= Exercise objective =
Given the entries below, would you transcribe exactly the lines starting at the one with "Fushigiの再生済みの波形" and ending at the one with "SAH, Vardal prestekontor, H/Ha/Hab/L0009: Klokkerbok", both kept, pictures omitted, nothing extra?

= Source information =
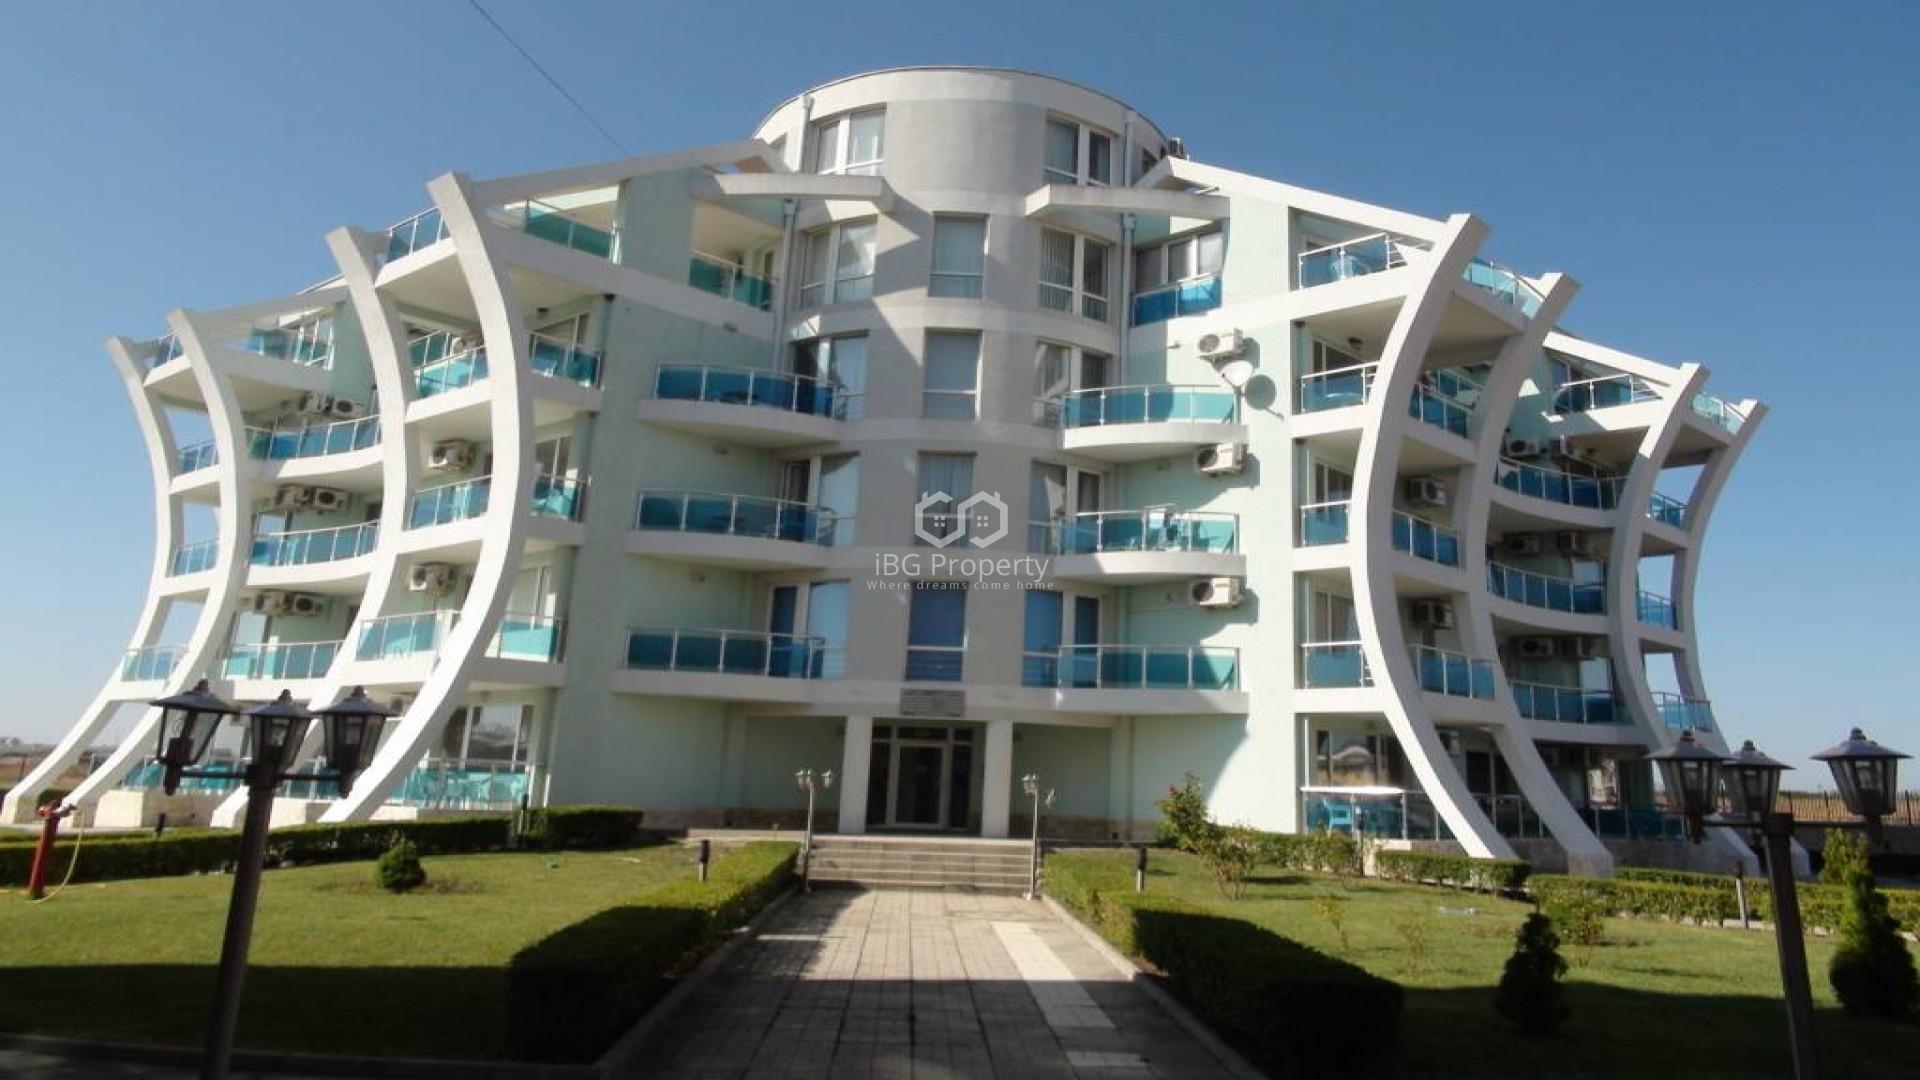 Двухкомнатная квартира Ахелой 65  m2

==

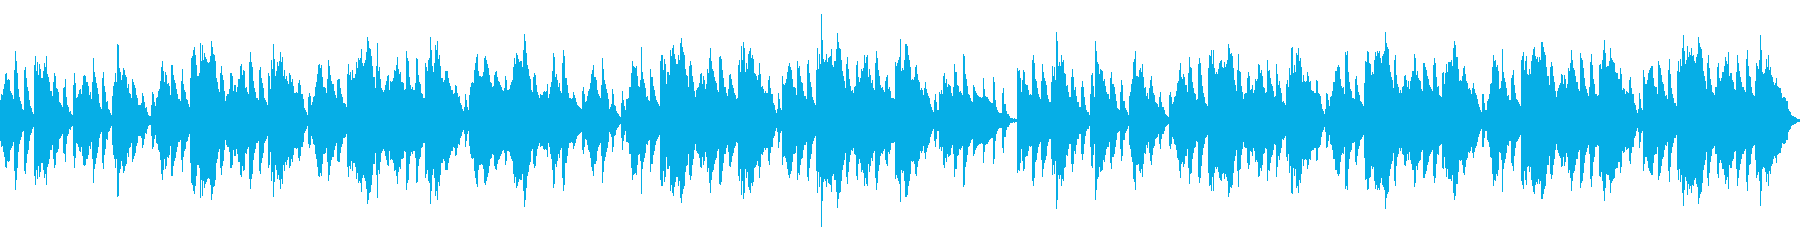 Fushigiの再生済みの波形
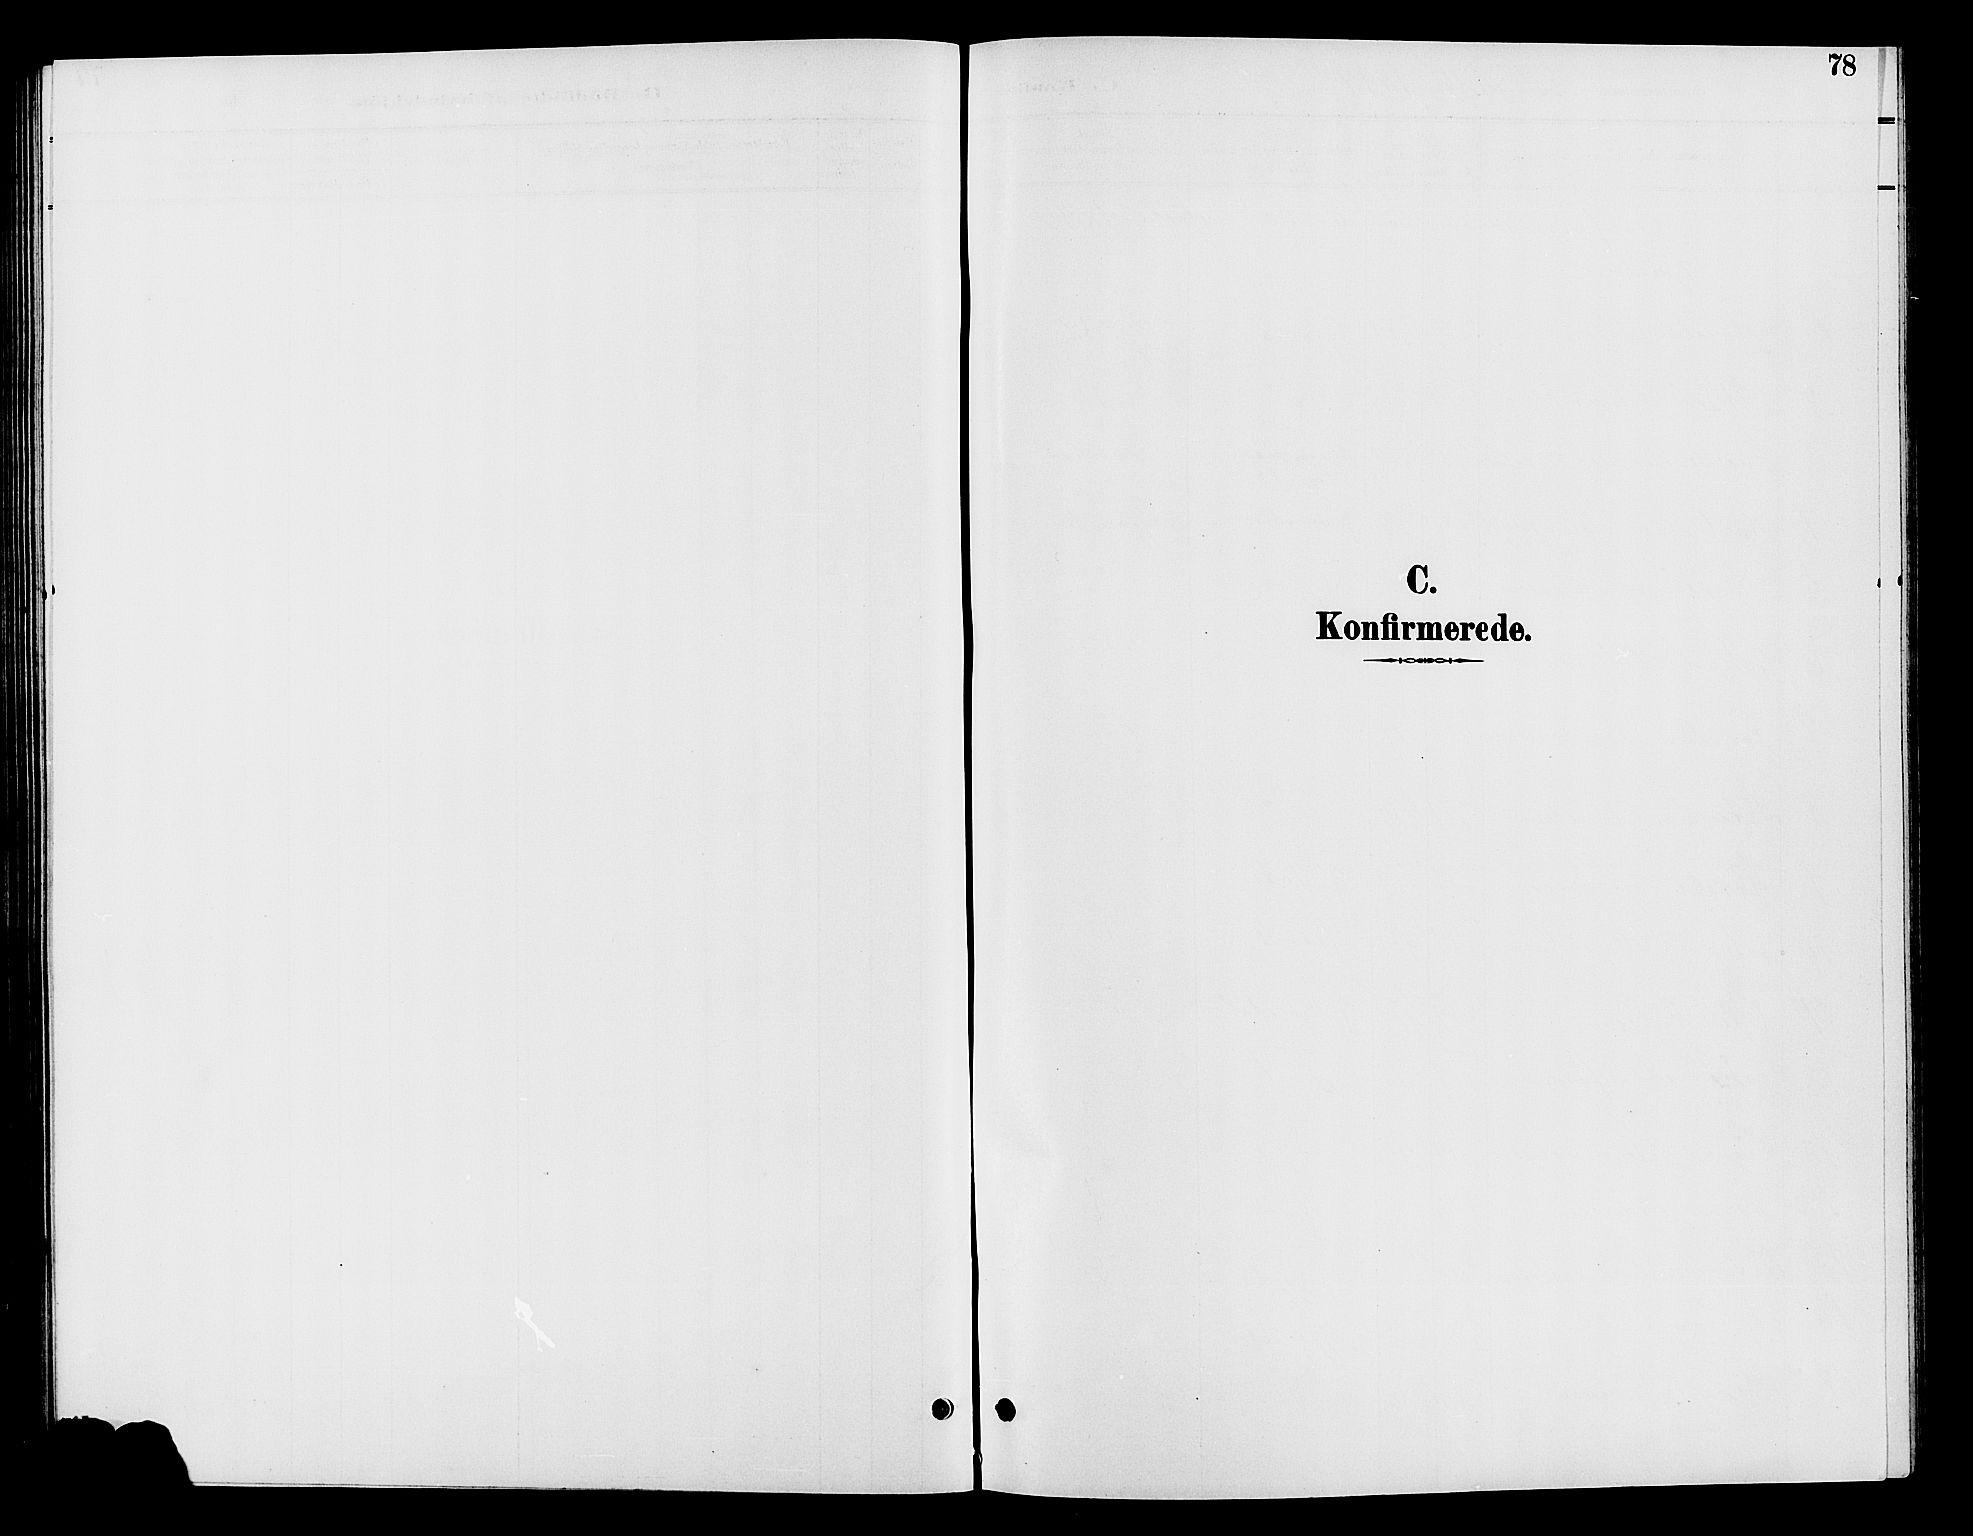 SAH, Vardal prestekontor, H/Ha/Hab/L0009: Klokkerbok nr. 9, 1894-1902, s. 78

= Task solution =
 Fushigiの再生済みの波形
 SAH, Vardal prestekontor, H/Ha/Hab/L0009: Klokkerbok nr. 9, 1894-1902, s. 78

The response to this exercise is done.